What is it in humans that compels us to hold bad things close but throw good things right out the window almost as soon as they happen? 

If someone dies, or your significant other leaves, or your best friend insults your child, or someone is mean to you, or someone cuts you off in traffic and then shoots you the bird when you honk your horn, we tend to cling to those bad things.  We re-live them again and again in our minds.  We cry and we moan and we scream and we develop the need for drugs or alcohol or junk food or mindless sex with strangers or any number of other unhealthy options.  But we can’t seem to just let go of the event and let it pass by.

Whereas, when we get married, or we hear someone tell us “I Love You” for the first time, or someone we don’t know makes us laugh, or the sky is just such a beautiful shade of blue that you can hardly stand it, or your dog comes to greet you at the door at the end of a hard day, or you really feel bad and someone makes you suddenly feel better, these events we enjoy and acknowledge and then pretty much forget about.  We don’t cling to joy.  We don’t clutch bliss to our chests and refuse to let go of it.  We just let it fade.

Why?  Why hang on to grief and let go of life?  Why hang on to anger and let go of happiness?  Why are we so willing to re-live some imagined or real insult, but never think twice about a heartfelt but unexpected compliment? 

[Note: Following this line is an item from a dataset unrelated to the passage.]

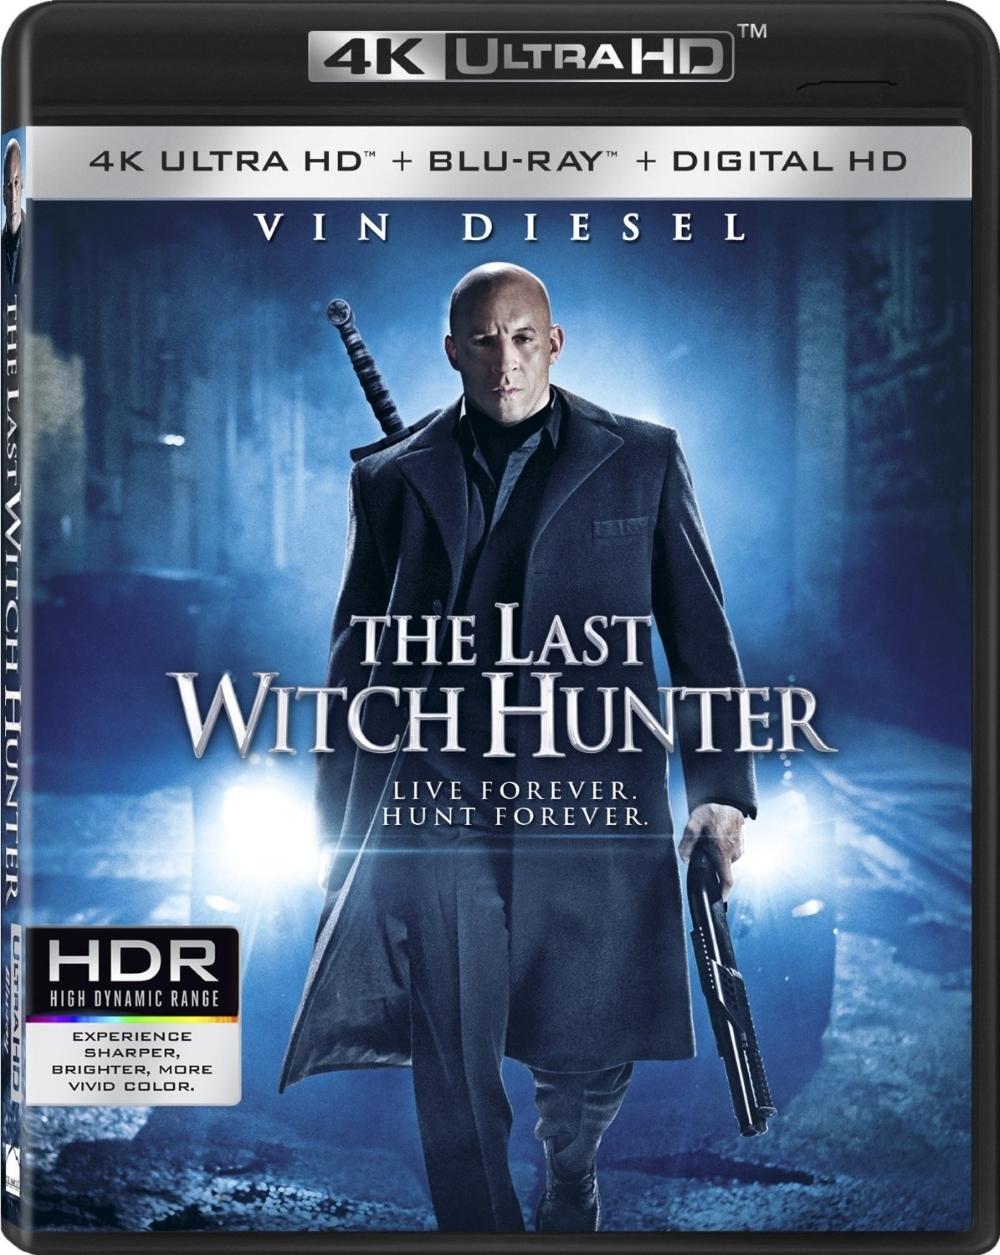 The last witch hunter  4k ultra hd uhd   blu ray   digital hd ultraviolet uv
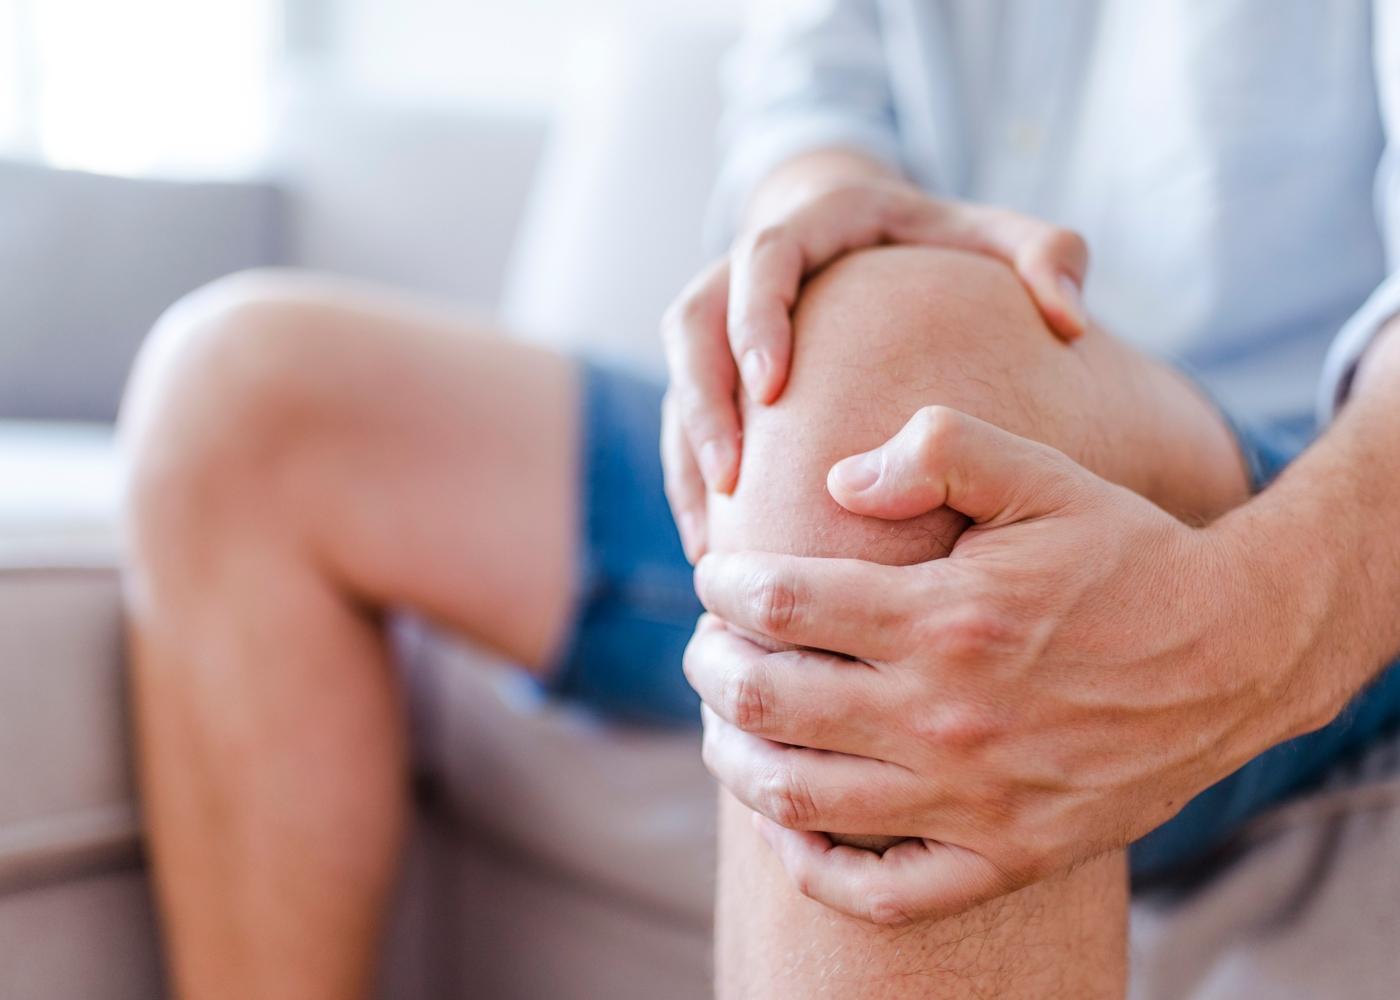 Homem com dores no joelho

I’ve known 50 year old women who are still whining about that great guy they used to date in college.  I’ve known 30 year old men who are still crying themselves to sleep over some girl who dumped them 10 years ago.  I have coworkers who are still pissed off at the former branch manager, who hasn’t worked there for over five years.  I’ve seem neighbors who won’t speak to each other after 20 years because their boys played baseball on different teams and one’s boy tagged the other’s boy out at third base.  Really, folks, what the hell are you clinging to this shit for?

There is joy and bliss and magic in the world each and every day, if we only open our eyes to it and see it and acknowledge it and accept it and thank the Universe for it.  If we could teach ourselves to cling to joy instead of cling to pain, the entire planet might heal itself.